Investors interested in Utility - Electric Power stocks are likely familiar with NiSource (NI - Free Report) and NextEra Energy (NEE - Free Report) . But which of these two stocks presents investors with the better value opportunity right now? Let's take a closer look.
Everyone has their own methods for finding great value opportunities, but our model includes pairing an impressive grade in the Value category of our Style Scores system with a strong Zacks Rank. The proven Zacks Rank puts an emphasis on earnings estimates and estimate revisions, while our Style Scores work to identify stocks with specific traits.

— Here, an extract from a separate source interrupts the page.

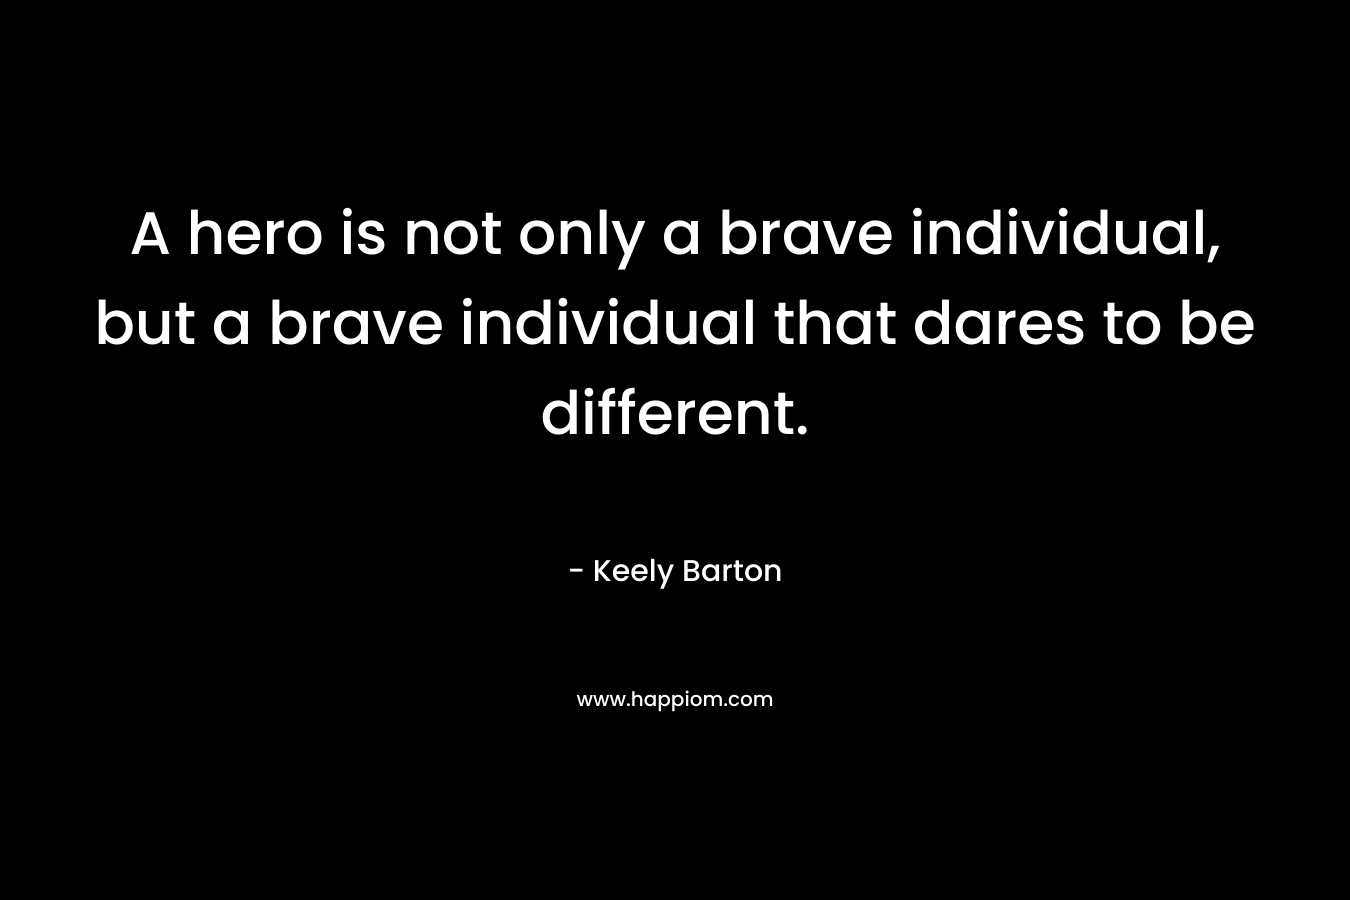 A hero is not only a brave individual, but a brave individual that dares to be different.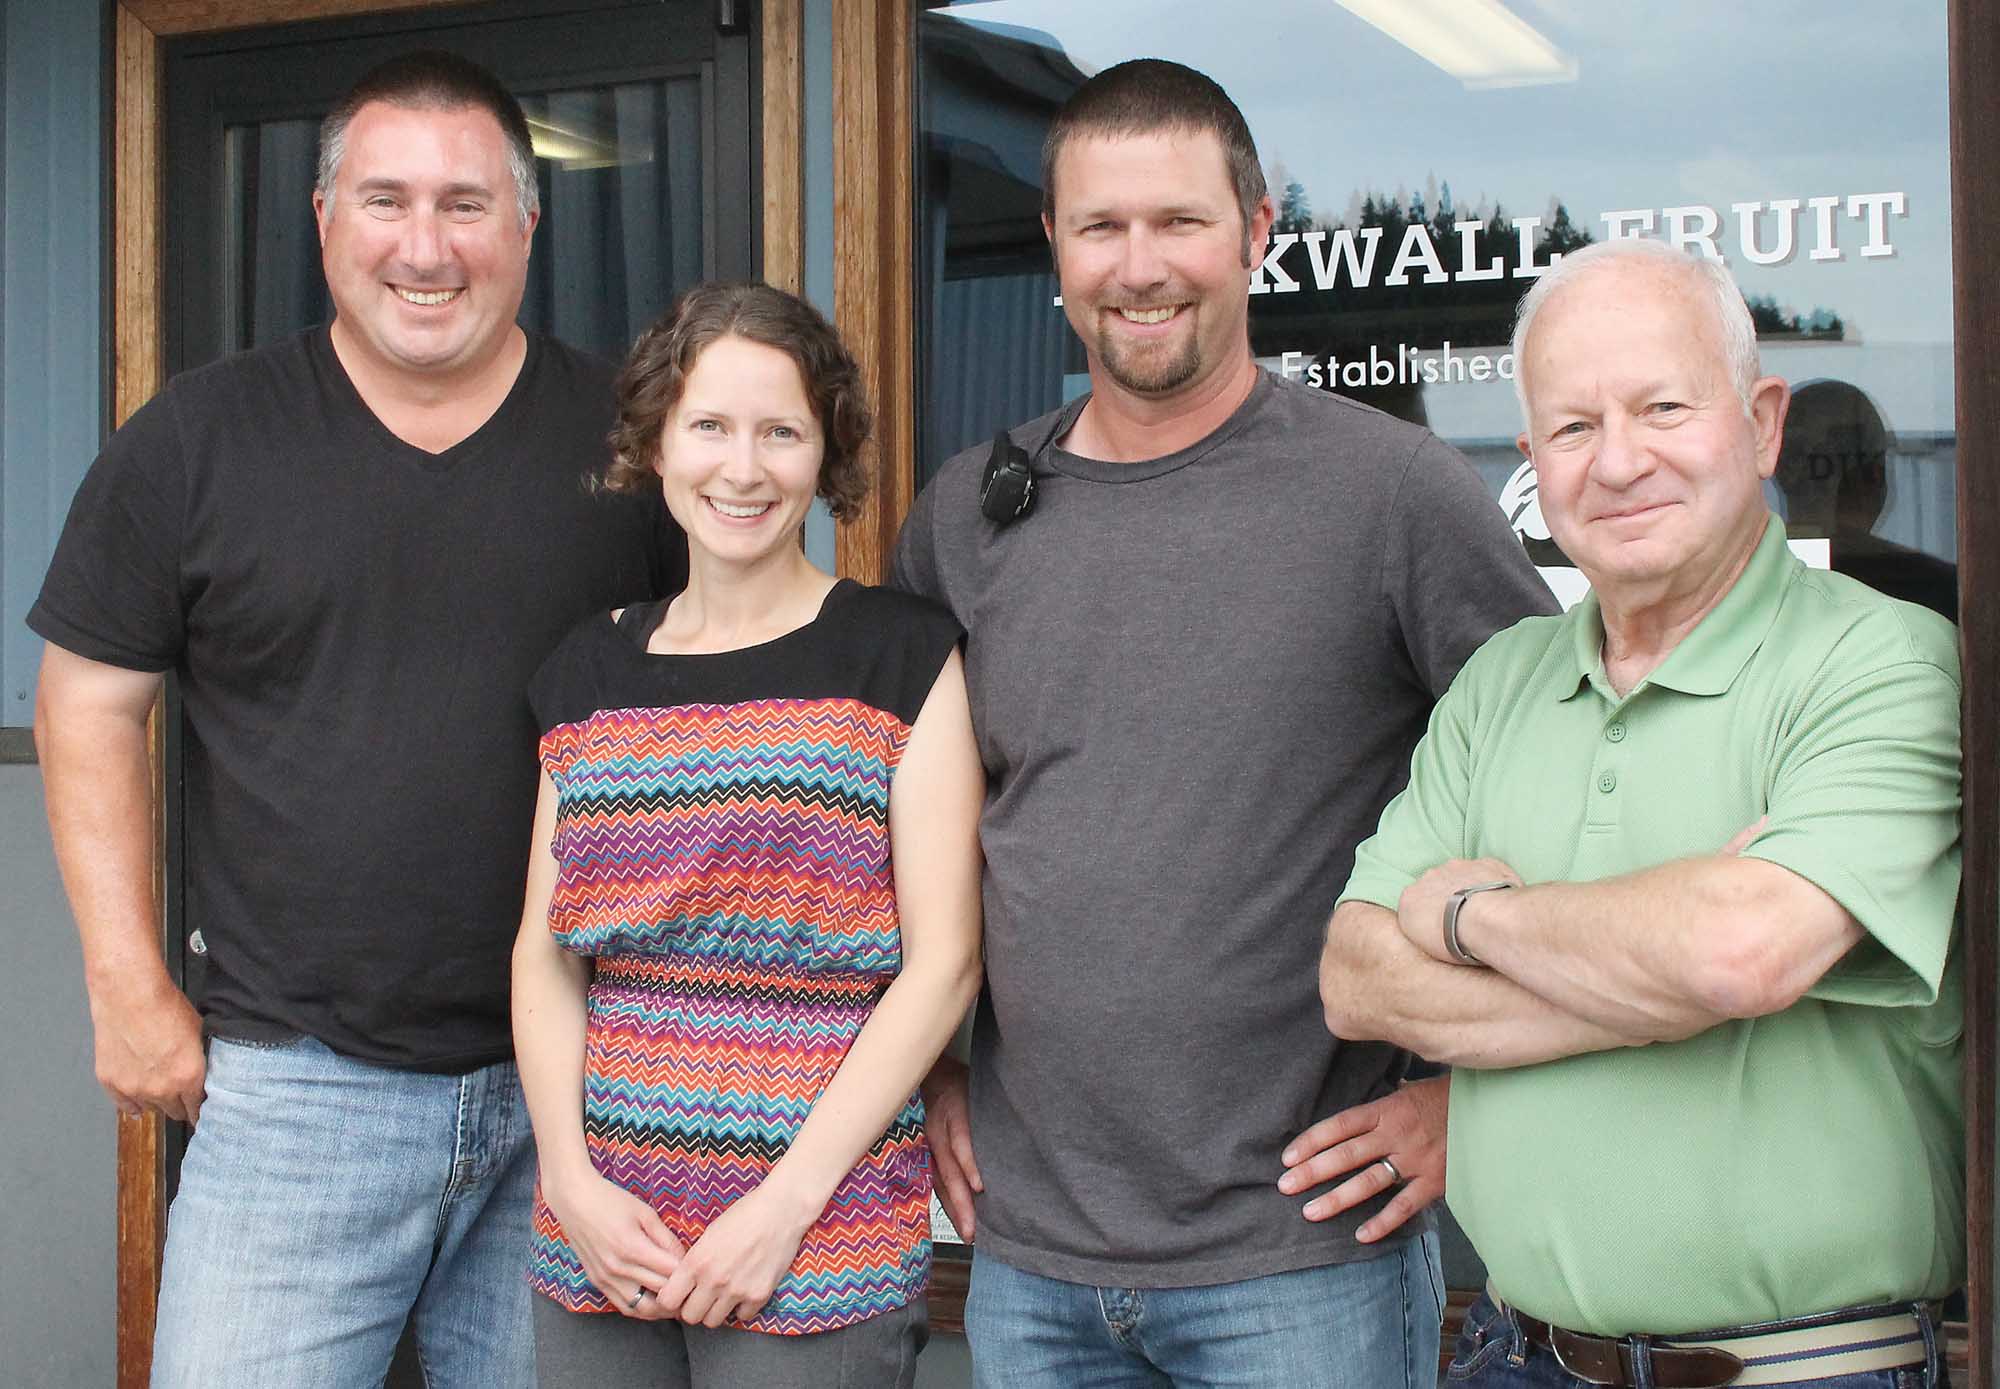 From right, Fred Duckwall with son Nathan Duckwall, daughter Sara Duckwall Snyder, and great-nephew Ed Weathers. (Geraldine Warner/Good Fruit Grower)

Currently, both NiSource and NextEra Energy are holding a Zacks Rank of # 2 (Buy). This means that both companies have witnessed positive earnings estimate revisions, so investors should feel comfortable knowing that both of these stocks have an improving earnings outlook. But this is only part of the picture for value investors.
Value investors analyze a variety of traditional, tried-and-true metrics to help find companies that they believe are undervalued at their current share price levels.
The Value category of the Style Scores system identifies undervalued companies by looking at a number of key metrics. These include the long-favored P/E ratio, P/S ratio, earnings yield, cash flow per share, and a variety of other fundamentals that help us determine a company's fair value.
NI currently has a forward P/E ratio of 20.69, while NEE has a forward P/E of 29.51. We also note that NI has a PEG ratio of 2.91. This popular figure is similar to the widely-used P/E ratio, but the PEG ratio also considers a company's expected EPS growth rate. NEE currently has a PEG ratio of 3.17.
Another notable valuation metric for NI is its P/B ratio of 2.03. Investors use the P/B ratio to look at a stock's market value versus its book value, which is defined as total assets minus total liabilities. By comparison, NEE has a P/B of 3.73.
These metrics, and several others, help NI earn a Value grade of B, while NEE has been given a Value grade of D.
Both NI and NEE are impressive stocks with solid earnings outlooks, but based on these valuation figures, we feel that NI is the superior value option right now.